#### Supplied material
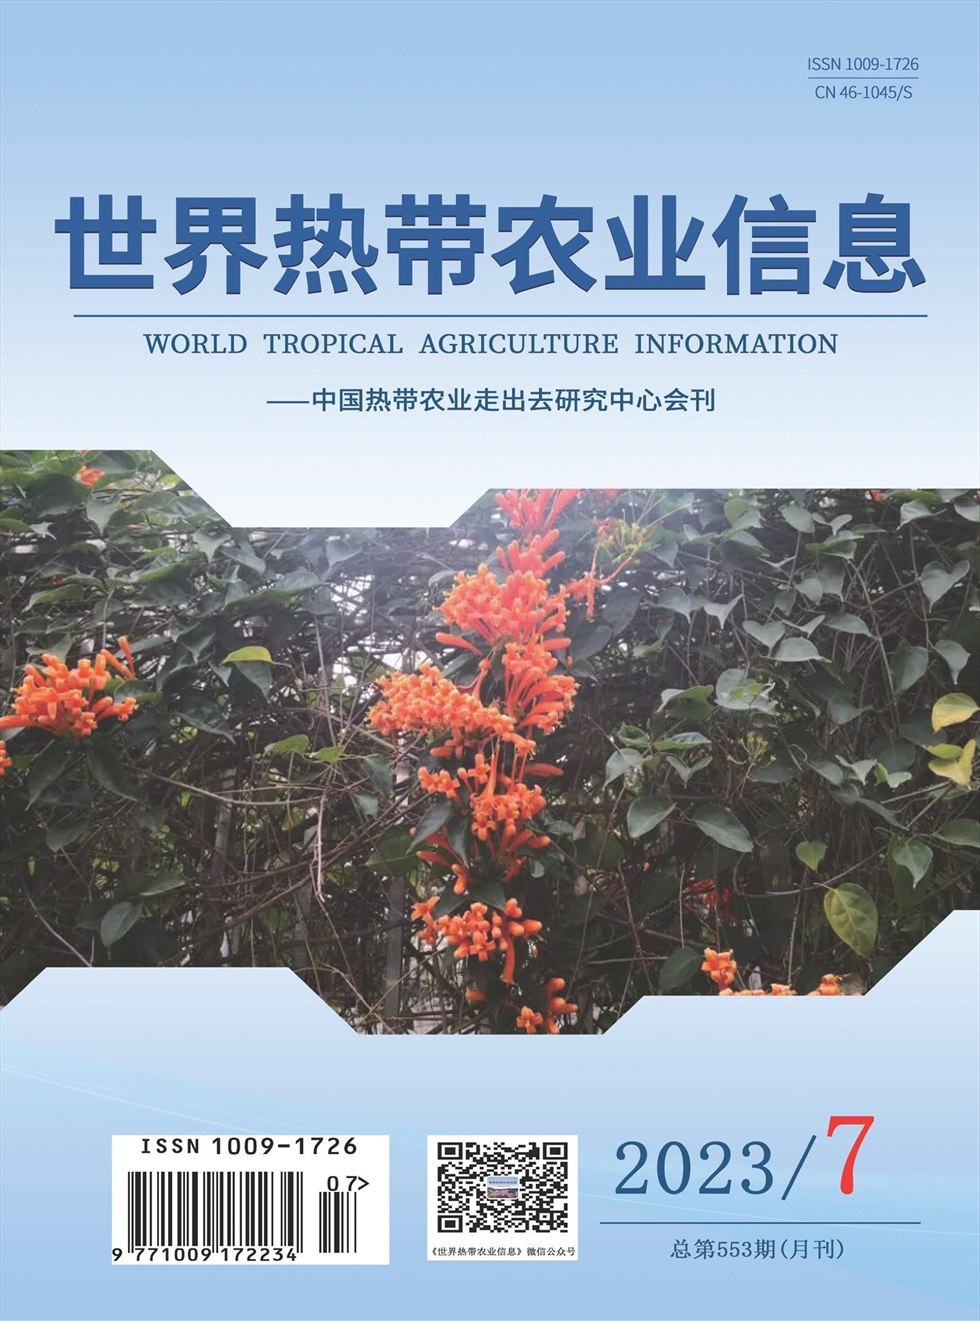 世界热带农业信息杂志封面
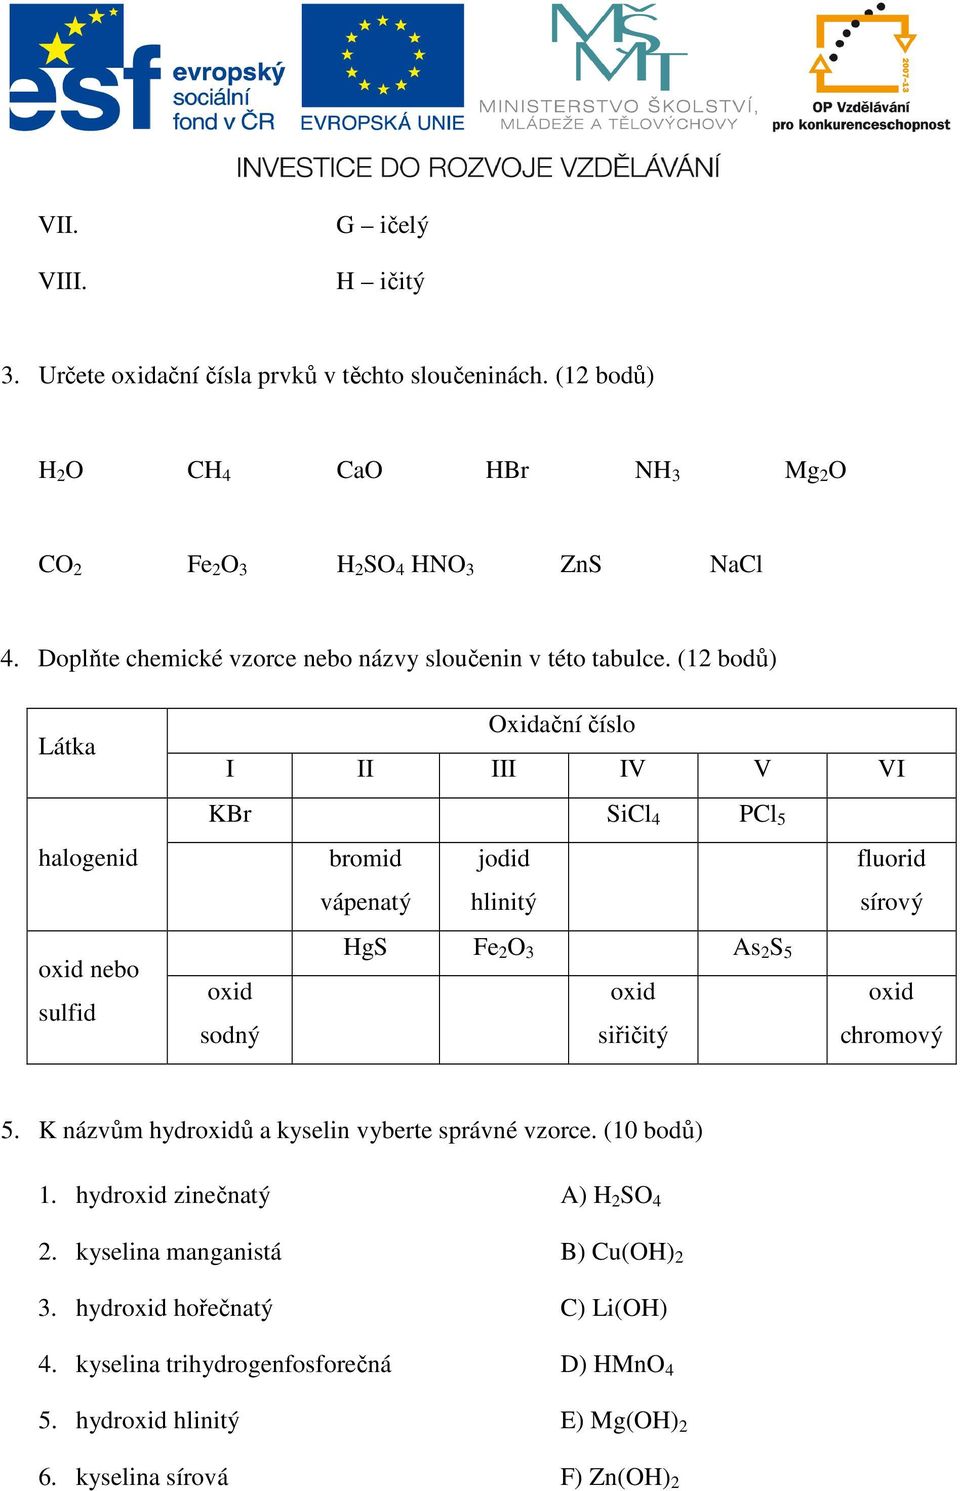 (12 bodů) Látka Oxidační číslo I II III IV V VI halogenid KBr SiCl 4 PCl 5 bromid vápenatý jodid hlinitý fluorid sírový oxid nebo sulfid oxid sodný HgS Fe 2 O 3 As 2 S 5
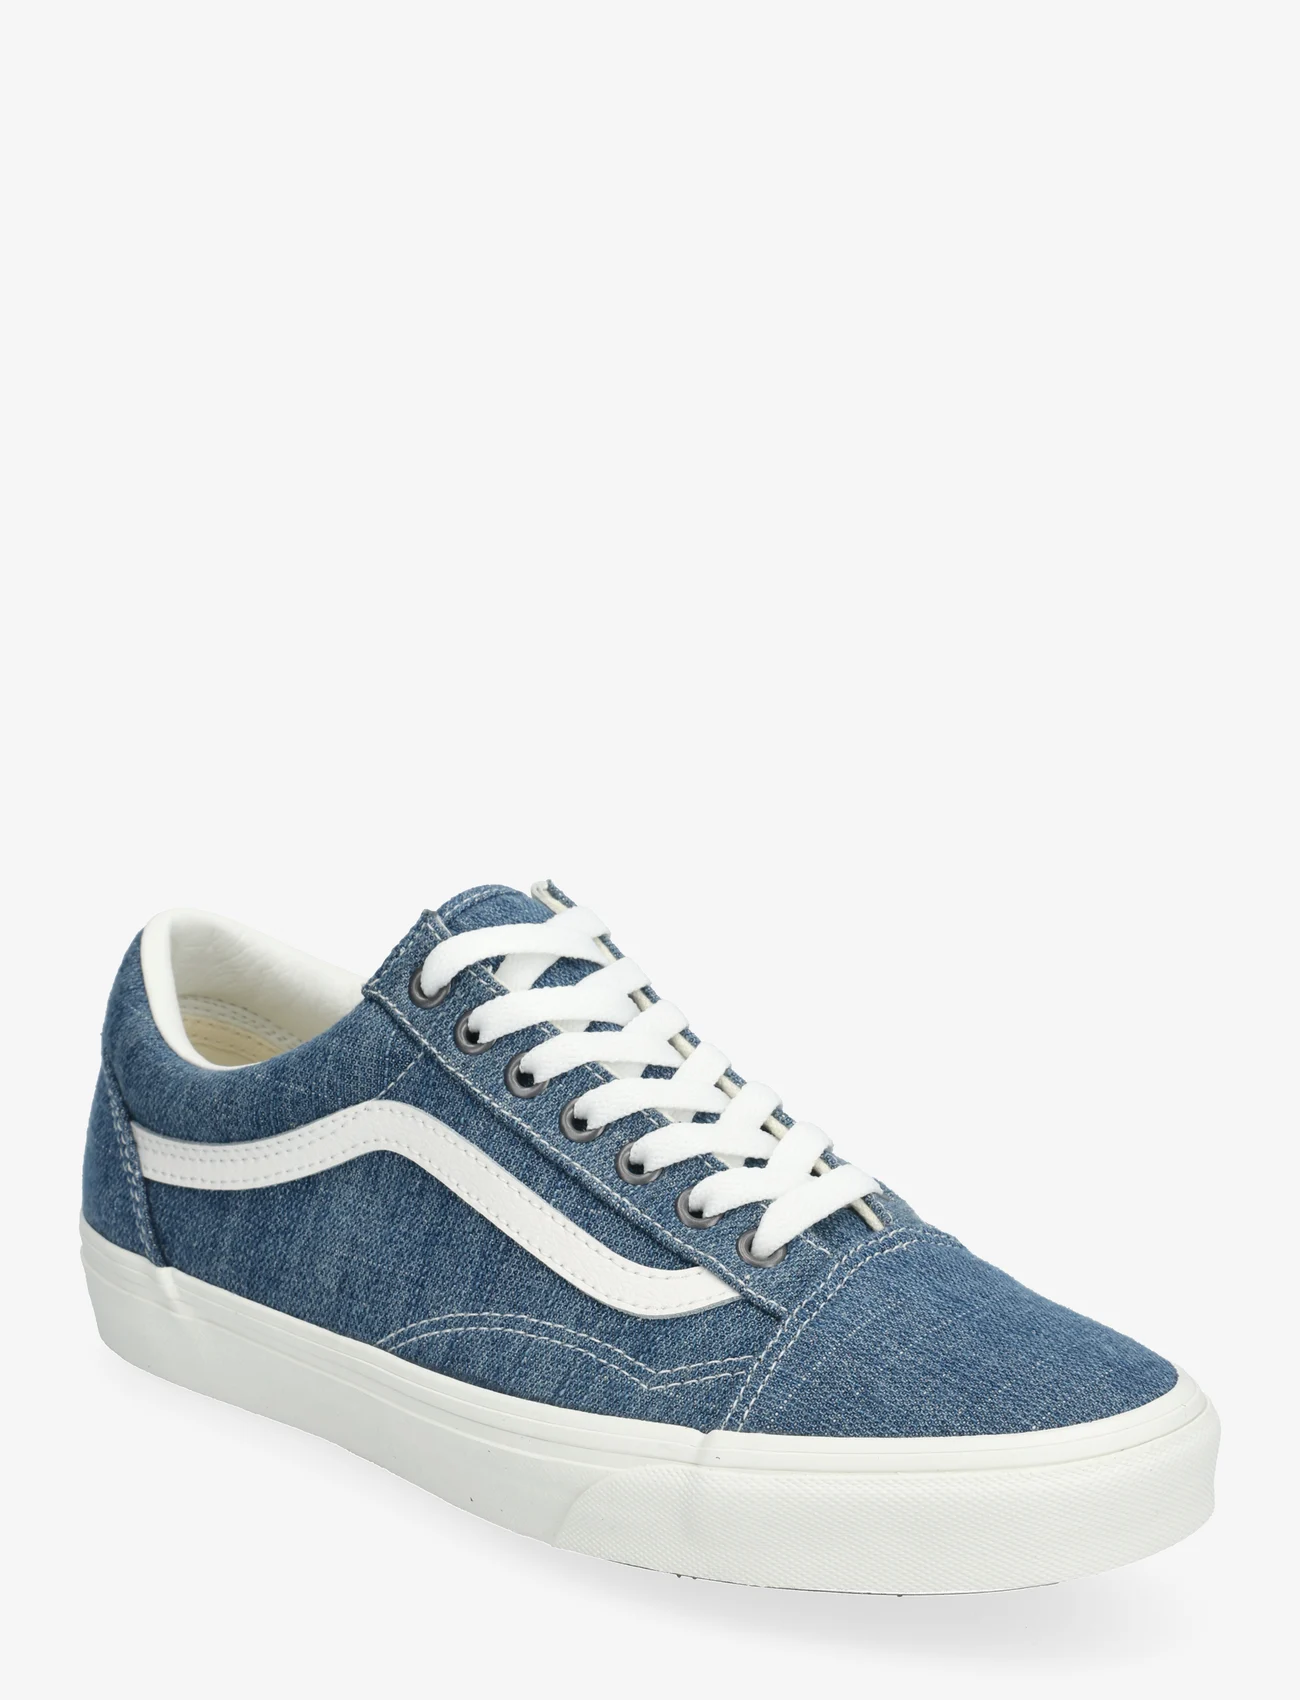 VANS - Old Skool - lave sneakers - threaded denim blue/white - 0
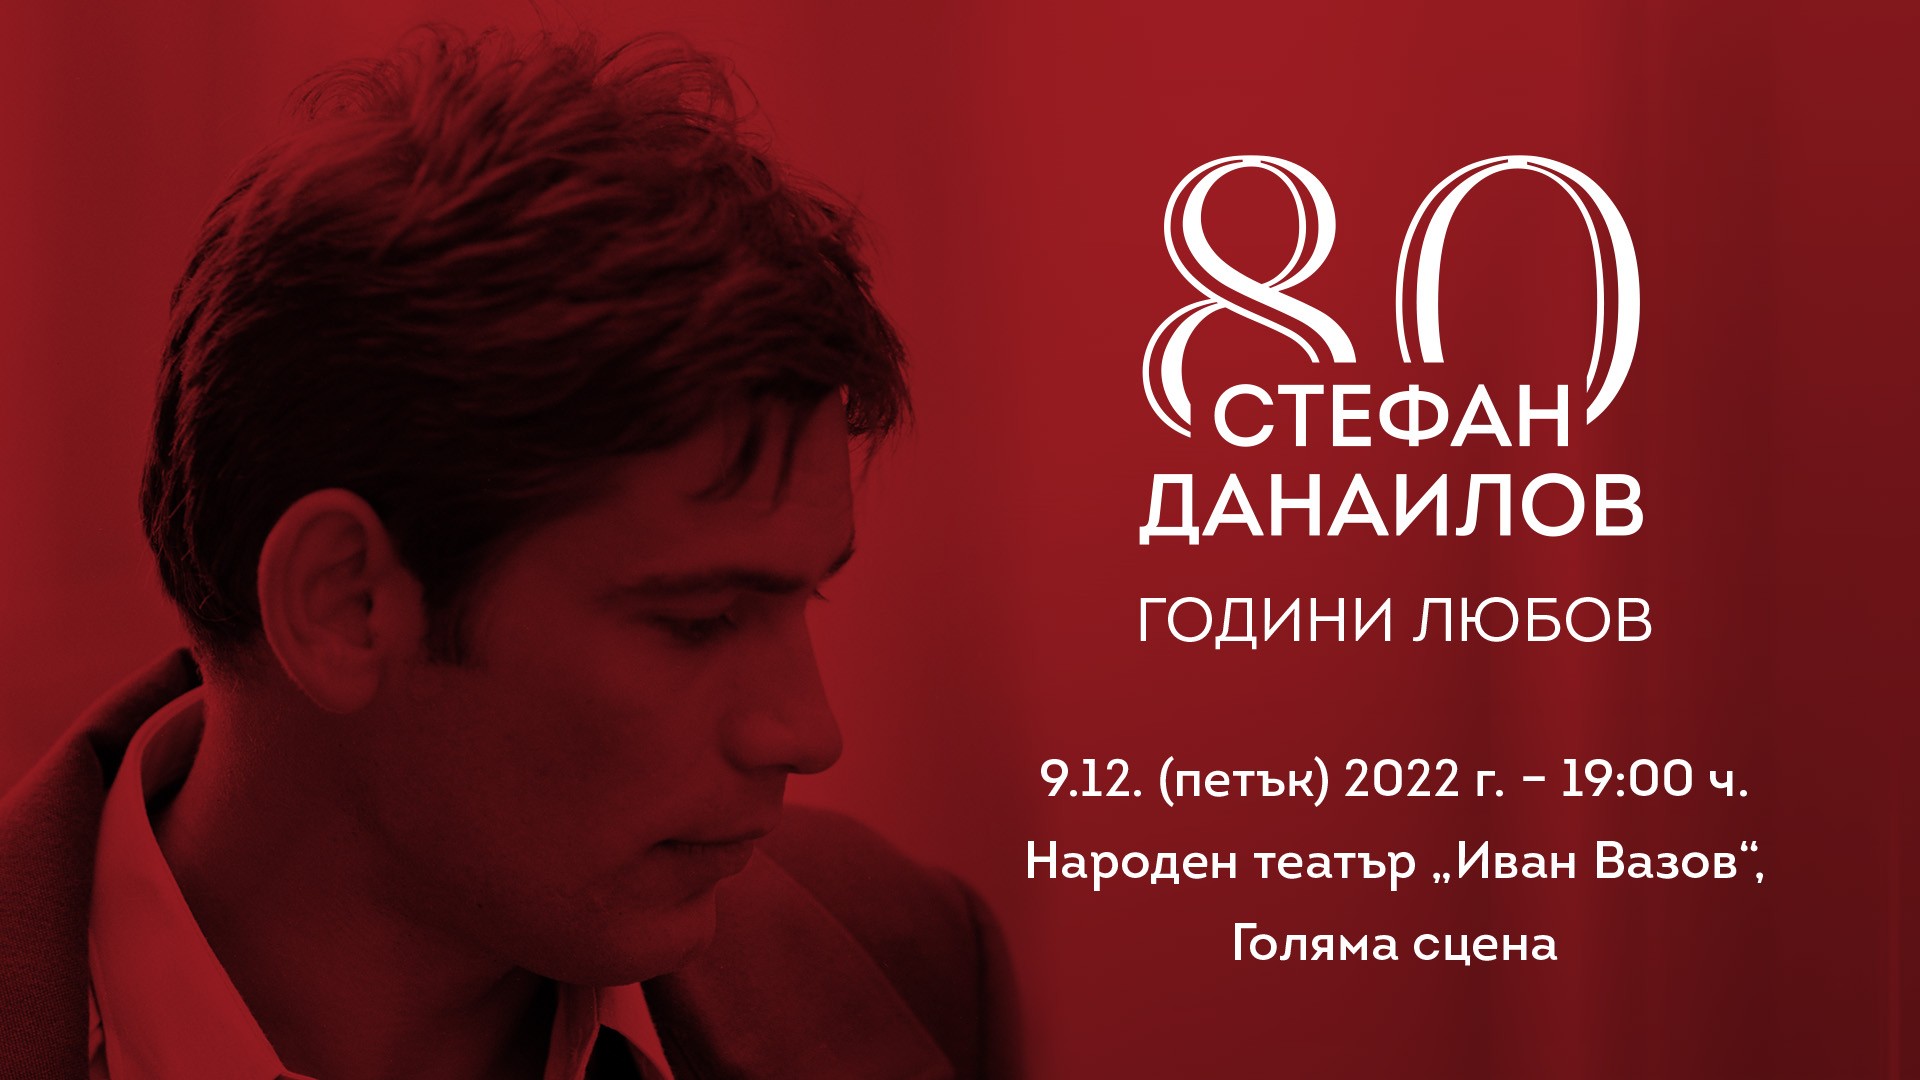 Известни артисти и певци се включват в спектакъла за Стефан  Данаилов

#### Required work
A faithful copy of the data is required: each word kept, each picture omitted.

#### Reply
 世界热带农业信息杂志封面
 (12 bodů) Látka Oxidační číslo I II III IV V VI halogenid KBr SiCl 4 PCl 5 bromid vápenatý jodid hlinitý fluorid sírový oxid nebo sulfid oxid sodný HgS Fe 2 O 3 As 2 S 5
 VANS - Old Skool - lave sneakers - threaded denim blue/white - 0
 Известни артисти и певци се включват в спектакъла за Стефан  Данаилов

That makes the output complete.